This is distinctly a guide for fogeys. Do not use this to judge what the favorite child in your life would like. These games are for boring, thirty-or-forty-or-fiftysomething you.
Guitar Hero, Legends of Rock (Wii) I have my eye on the World Tour bundle, which apparently opens up the possibility of drums and singing. But this is the staple that has kept an untold number of bloggers mesmerized for hours. The idea is simple: there are five buttons, which correspond to notes on the screen; your job is to hit the notes in time with the display, and the song. But the game is almost too fun; I actually developed tendonitis in my index finger at one point, trying to master a song. This is what it looks like if you get really, really good:
But don't worry; if you're over twenty-five, you will never get that good. There's a beginner level that uses fewer keys and goes a lot slower. I recommend investing in a second guitar, because your friends/spouses/children will definitely want to play. Or you could also get the World Tour bundle, which comes with one.
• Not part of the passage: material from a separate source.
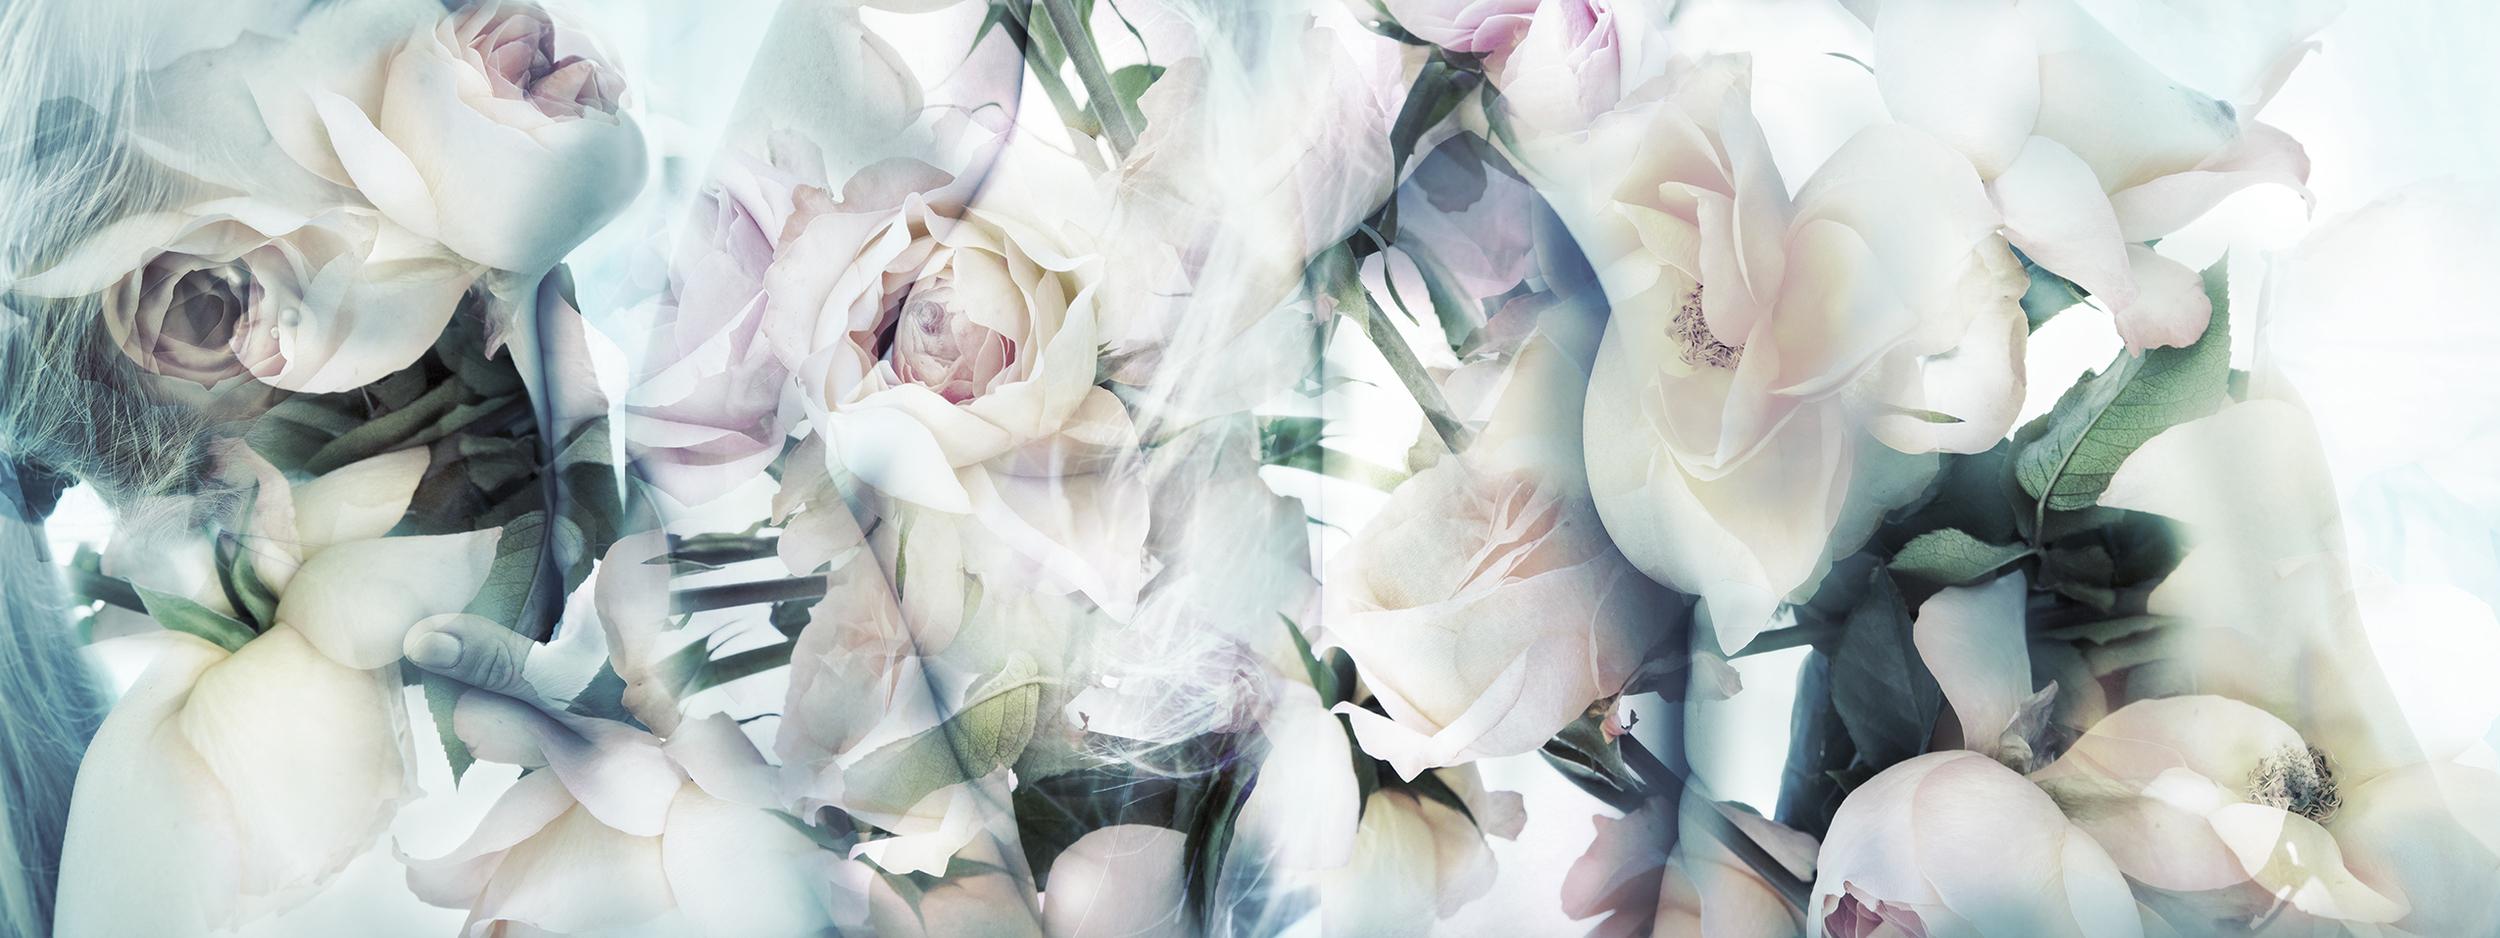 Angi_Bodyparts_Collage.jpg

Mario Kart (Wii) I was actually too old/female for original Nintendo, so I'm fresh to this, but it's embarassingly fun. You drive around in circles. You fall off things. Your three year old nephew beats you, repeatedly. It's like the distilled spirit of Christmas.
The game comes with one Wii wheel, but I recommend getting at least one more for multiplayer; we have four.
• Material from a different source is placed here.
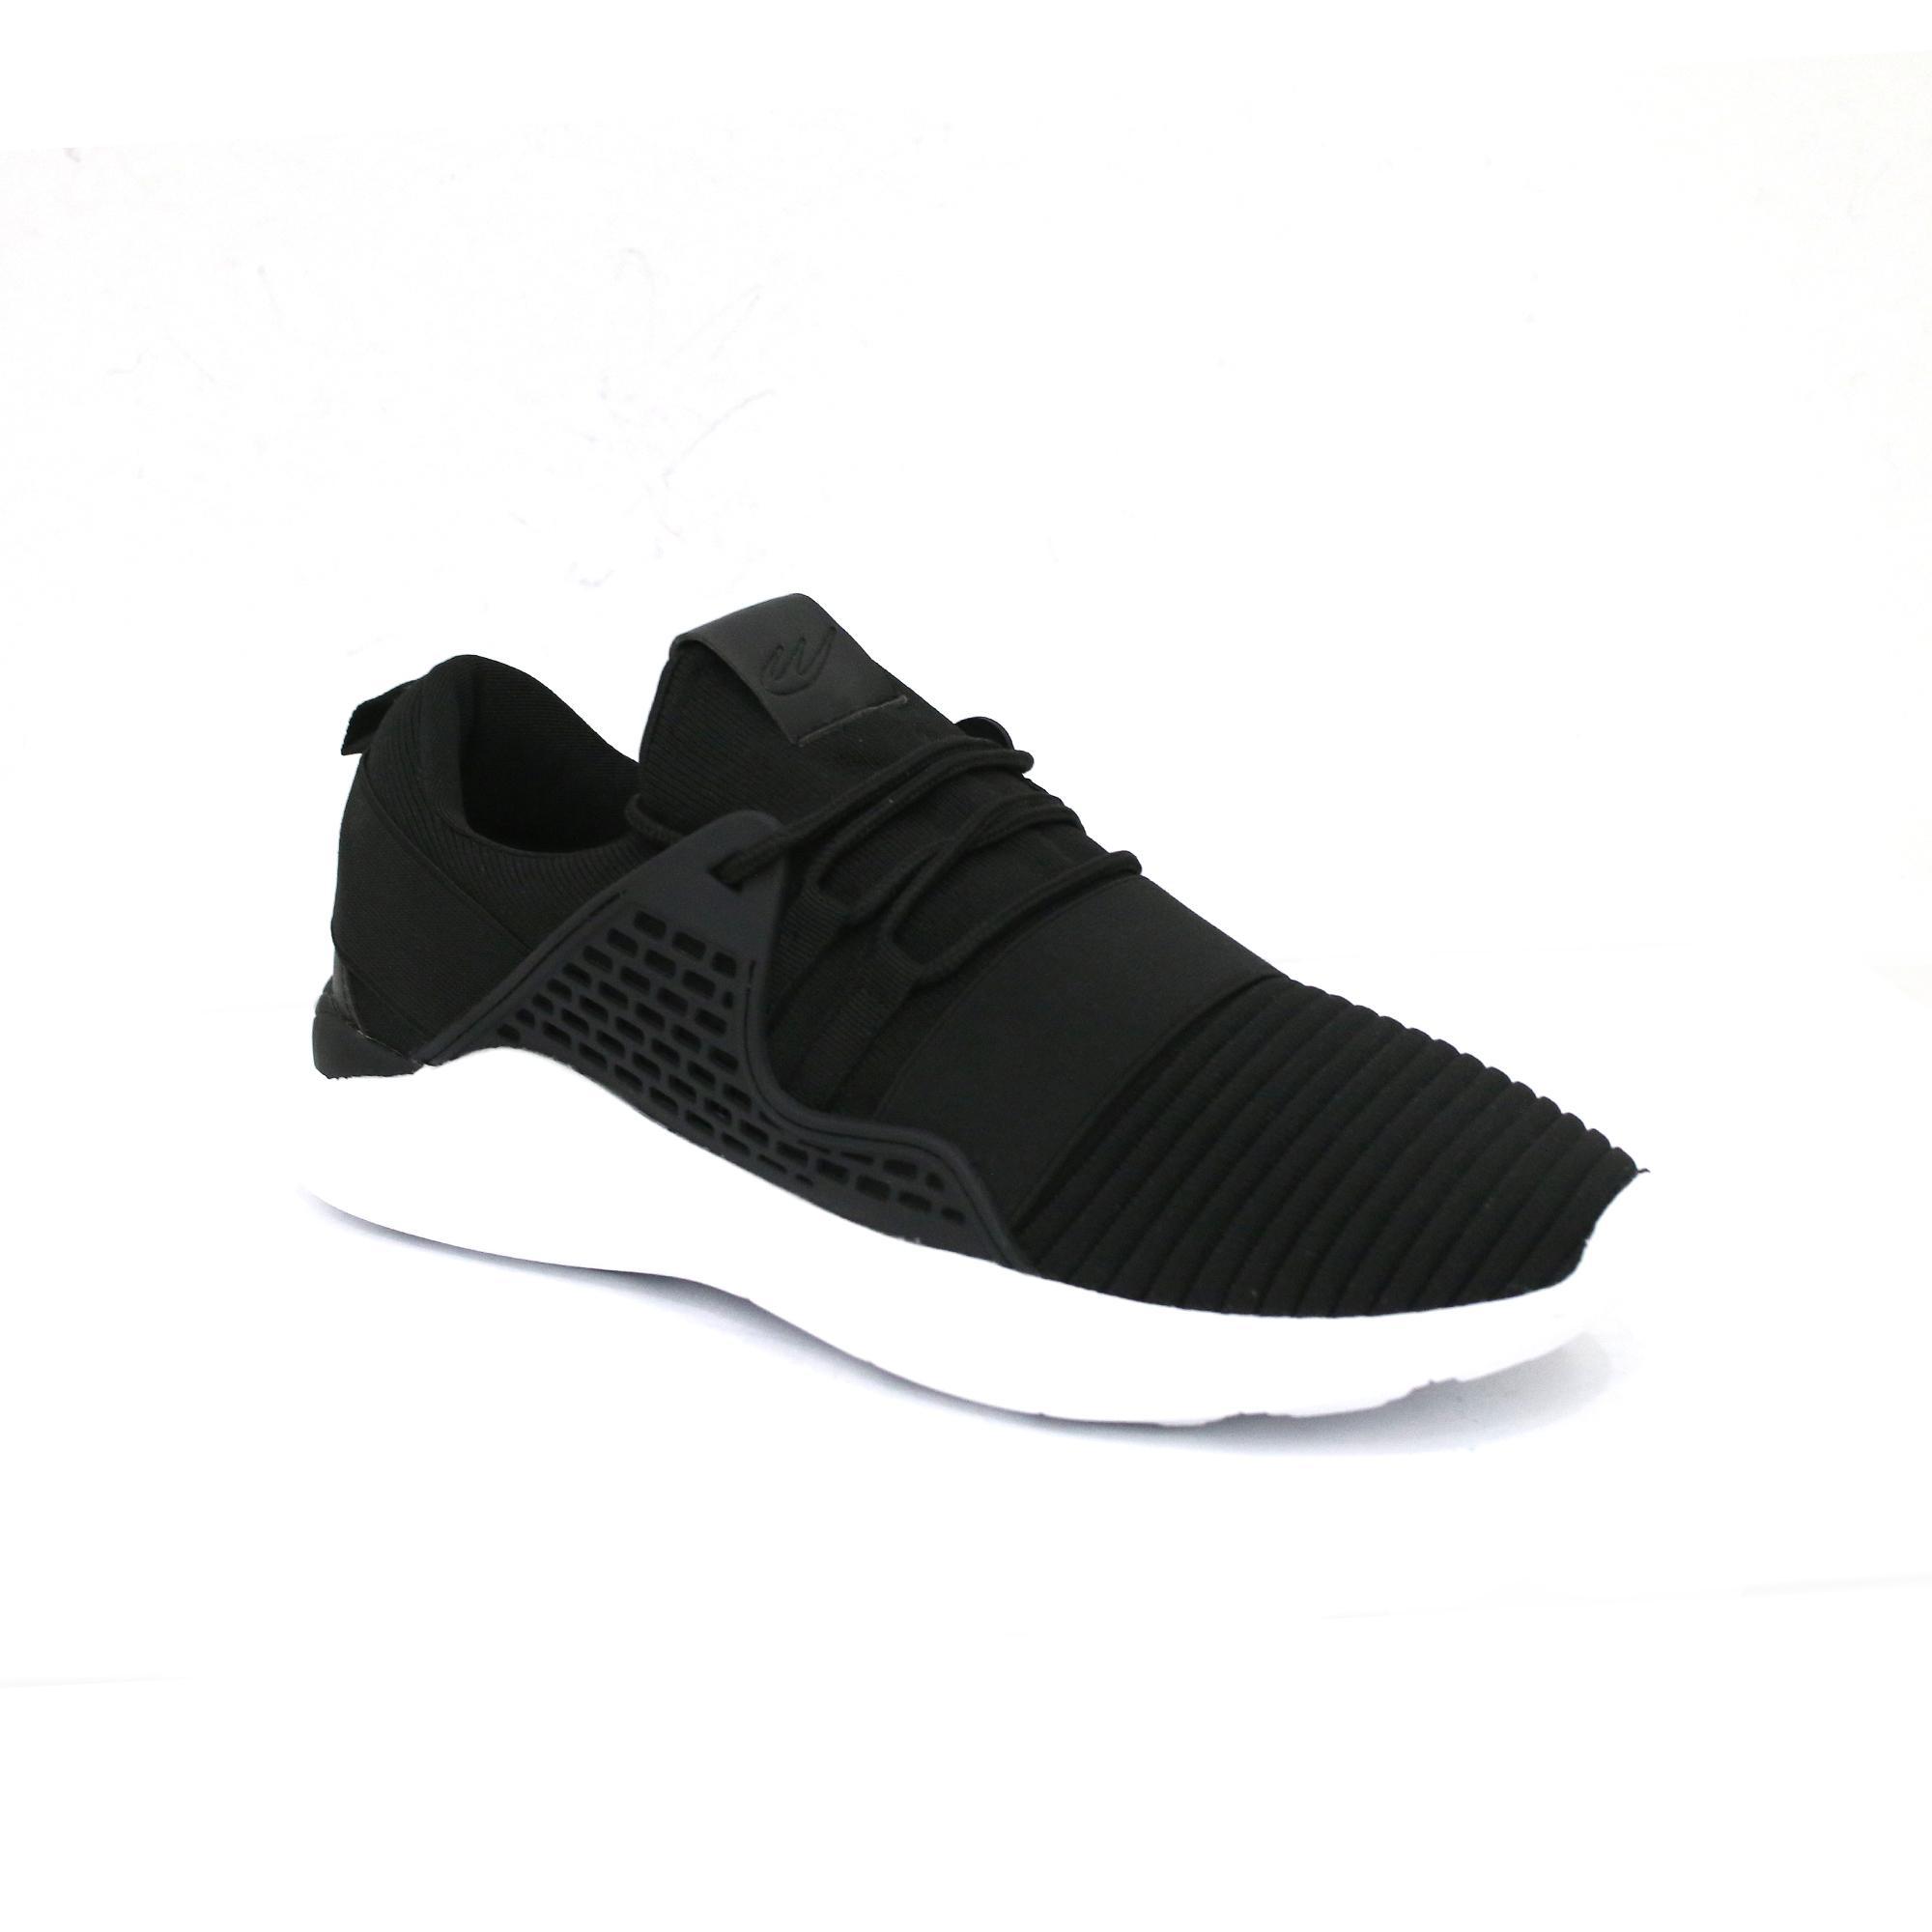 world balance rubber black shoes

Dance Dance Revolution (Wii) The most aerobic game available for Nintendo. It sure beats staring forward on an elliptical trainer for forty minutes.
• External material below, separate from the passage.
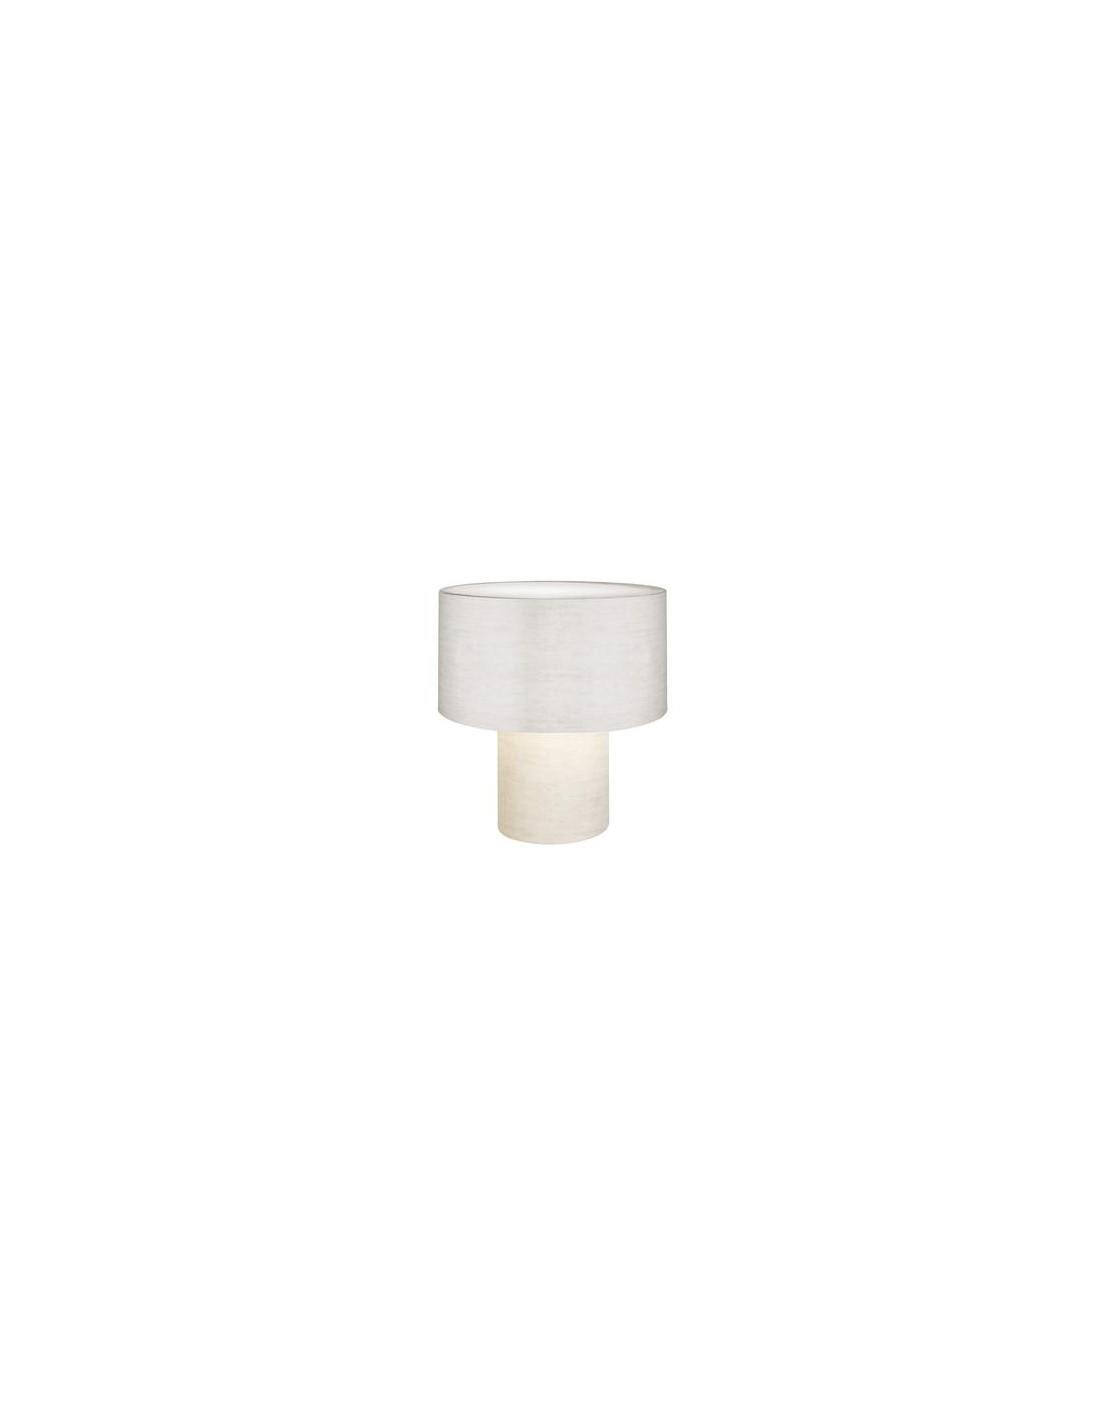 Lampe de table Pipe blanche Foscarini Diesel - Valente Design

Okami (Wii) Weirdly beautiful, weirdly entertaining game from Japan. It's hard to describe--"Myst with a Paintbrush" isn't a bad stab at it from a hooked friend.
Civilization IV (PC, Mac) Years after it came out, I'm still playing. It's simply the best world-builder out there. War, science, religion . . . I'm not sure it's ever come up to Civ 2 for me, but it's still light-years ahead of any other competition.
Railroad Tycoon III (PC, Mac) This is the other game that I go back to year after year. I'm a rail buff, so of course, I would love this game, but even people who don't care about trains find it deeply satisfying to build a working company, and see towns grow up around your railroad.